This program recruits nurses from underrepresented groups.
By Christine Young, M.S.N. MBA, RN, NEA-BC; Nancy Mosca, Ph.D., RN-BC, PHCNS-BC, PNP-BC; Lisa Aurilio, M.S.N., MBA, RN, NEA-BC
Increasing the racial, ethnic, gender and social diversity of the nursing workforce is essential for providing culturally competent care that addresses the growing diversity of the U.S. population. A diverse nursing workforce will improve communication, tolerance, trust and decision-making between patients and providers, leading to expanded health care access and improved quality outcomes.
The Expert Panel on Global Nursing and Health of the American Academy of Nursing published 12 Standards of Practice for Culturally Competent Nursing Care in 2010. One of the recommended standards is for nursing to engage in activities around recruitment and retention of a multicultural nursing workforce. Akron Children's Hospital recognized that its current nursing workforce did not mirror the diversity in the patient population the hospital served and responded with an intentional, planned approach to diversify its workforce.
Exposing interns to a variety of clinical and community experiences
After reviewing population data and conducting an evidence-based review of the literature, the hospital restructured an existing nurse technician program into one that would recruit nursing students of diverse backgrounds. The new program, Assuring Success with a Commitment to Enhance Nurse Diversity (ASCEND), consists of an internship to drive the goal of hiring nurses into the organization's workforce upon graduation.
ASCEND provides a mechanism for the strategic recruitment of nurses from underrepresented racial, ethnic, gender and LGBTQ groups. It exposes diverse nursing students from local and regional nursing schools to the welcoming, open and inclusive nursing culture at Akron Children's.
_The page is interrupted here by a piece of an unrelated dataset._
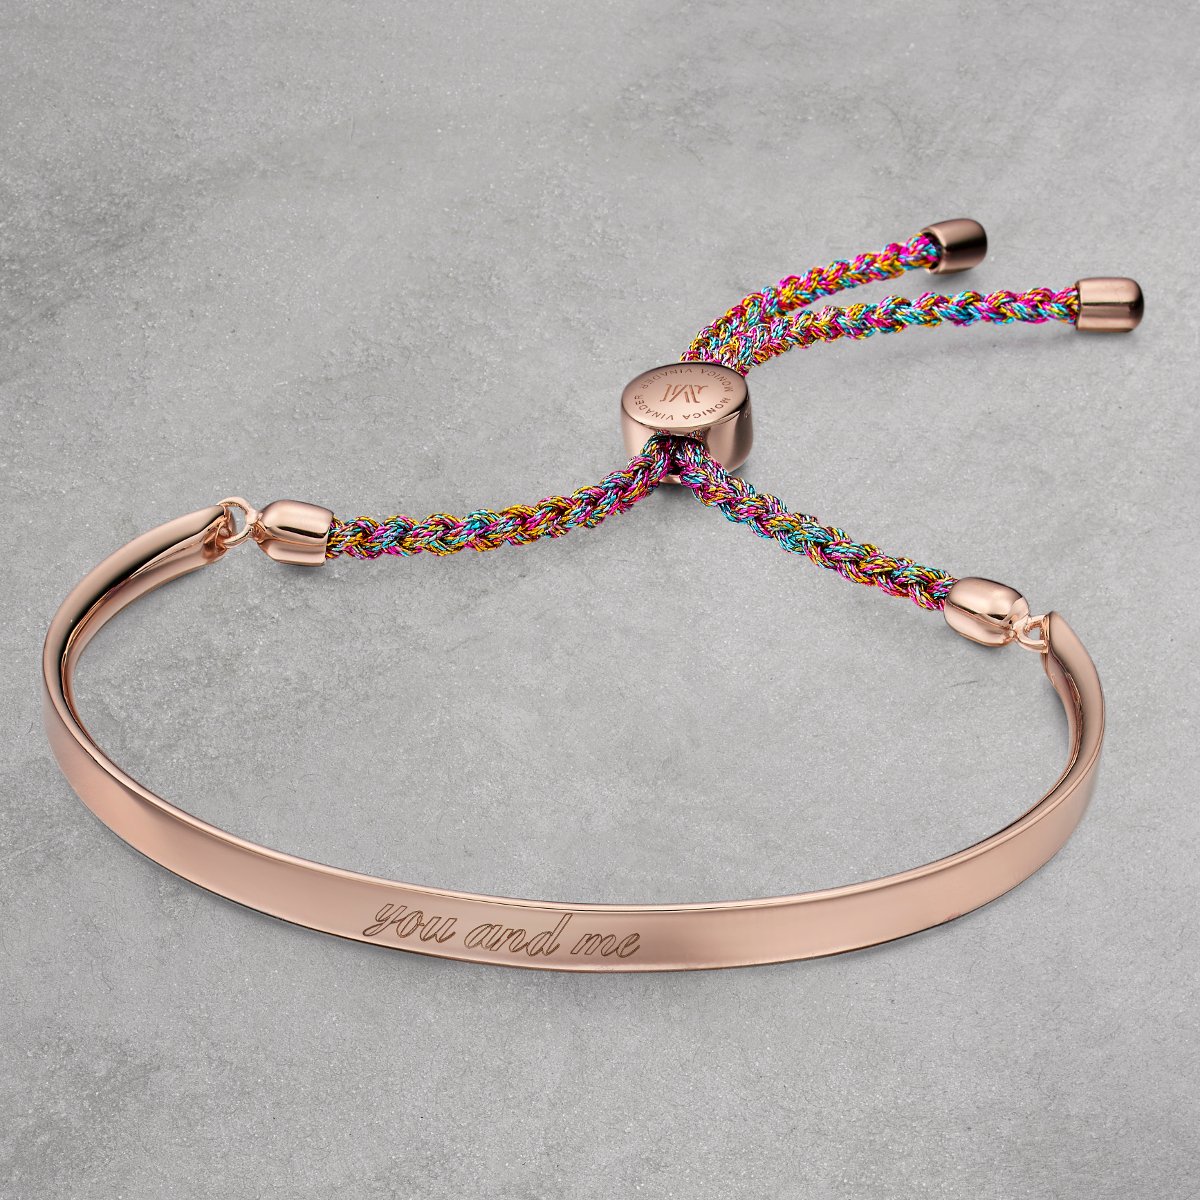 Monica Vinader Linear Friendship Bracelet, Red/Gold at John Lewis & Partners

The formal program includes a 10-week hospital summer internship, followed by ongoing cultivation of the relationship over the final year of the students' education. Implemented in summer of 2014, ASCEND has provided internship opportunities for more than 100 nursing students over the last five years.
During the 10-week program, the interns experience clinical time working alongside a registered nurse mentor in a clinical area of interest. Professional development activities are also a core component of the program, providing information and experiences in areas such as communication skills, family- centered care, role exploration, shared governance, professional boundaries and compassion fatigue. Students who have successfully completed the program receive offers for positions as nurse technicians and remain at the organization as permanent employees.
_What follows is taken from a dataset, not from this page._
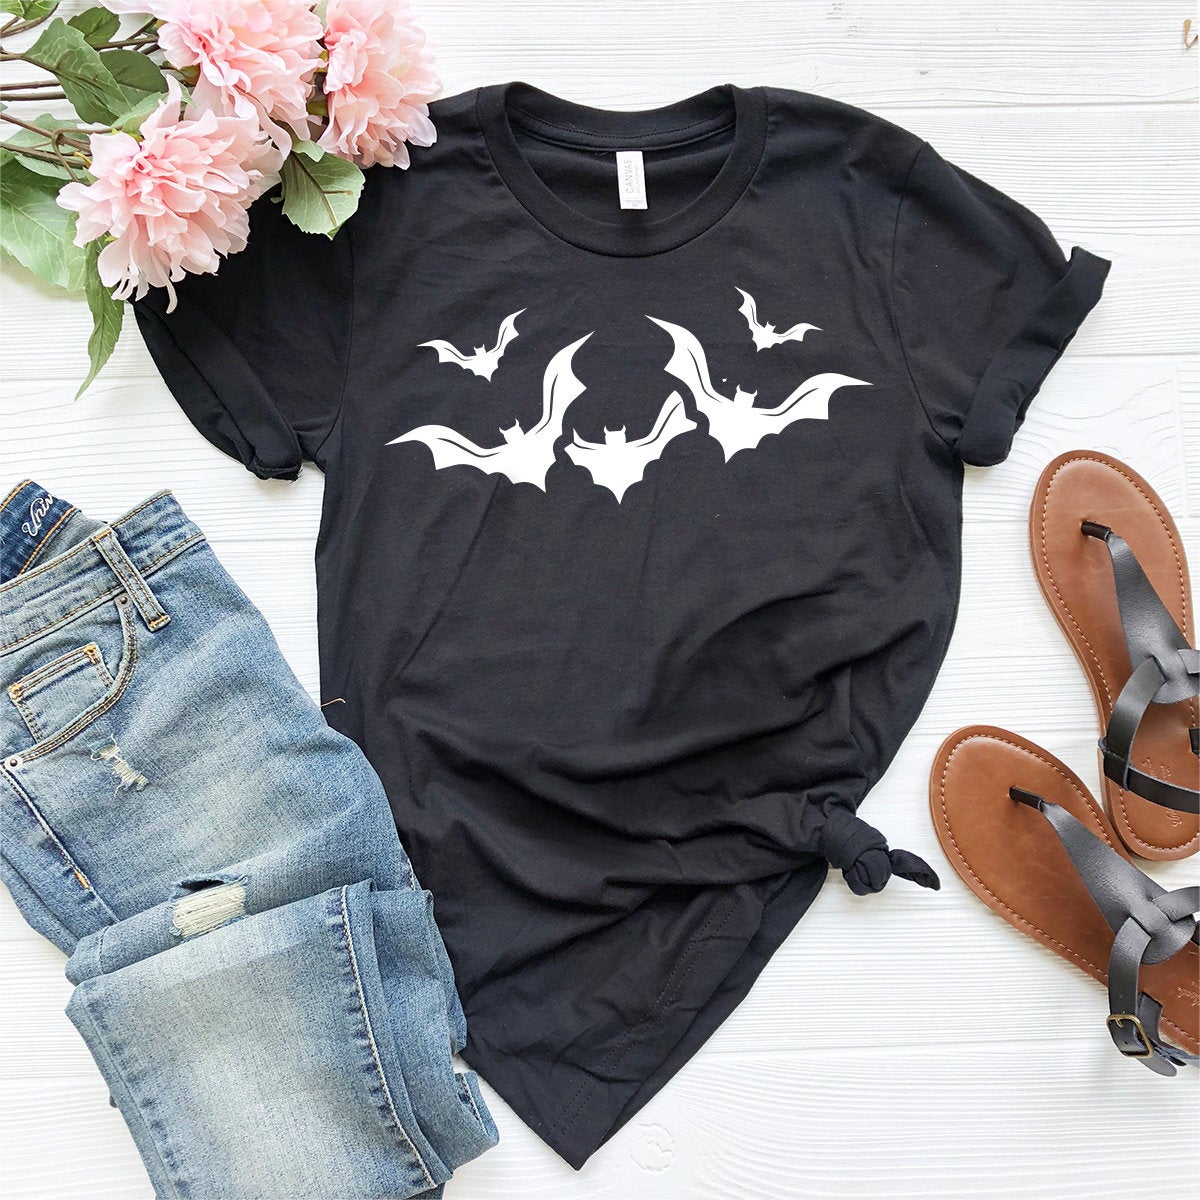 Halloween Bats Shirt, Halloween T-Shirt, Halloween Gift, Fall Shirt, Bats Shirt, Funny Halloween Shirt, Horror Shirt, Flying Bats Shirt - Fastdeliverytees.com

Participants in ASCEND conduct community outreach events, such as connecting with local middle school students to create enthusiasm around a career in nursing. Interns have also recorded public service announcements, conducted letter writing campaigns, hosted on-site career exploration days and poster displays as creative initiatives to connect with students.
The importance of diversity and the effect on the community is recognized across area businesses, which have provided grants to support the program and summer stipends for ASCEND interns. The grants have allowed the program to offer students tuition support during their senior year in return for a commitment to work at Akron Children's after graduation for 18 months. This external support assures the hospital's ability to sustain the work of ASCEND in diversifying the nursing workforce for years into the future.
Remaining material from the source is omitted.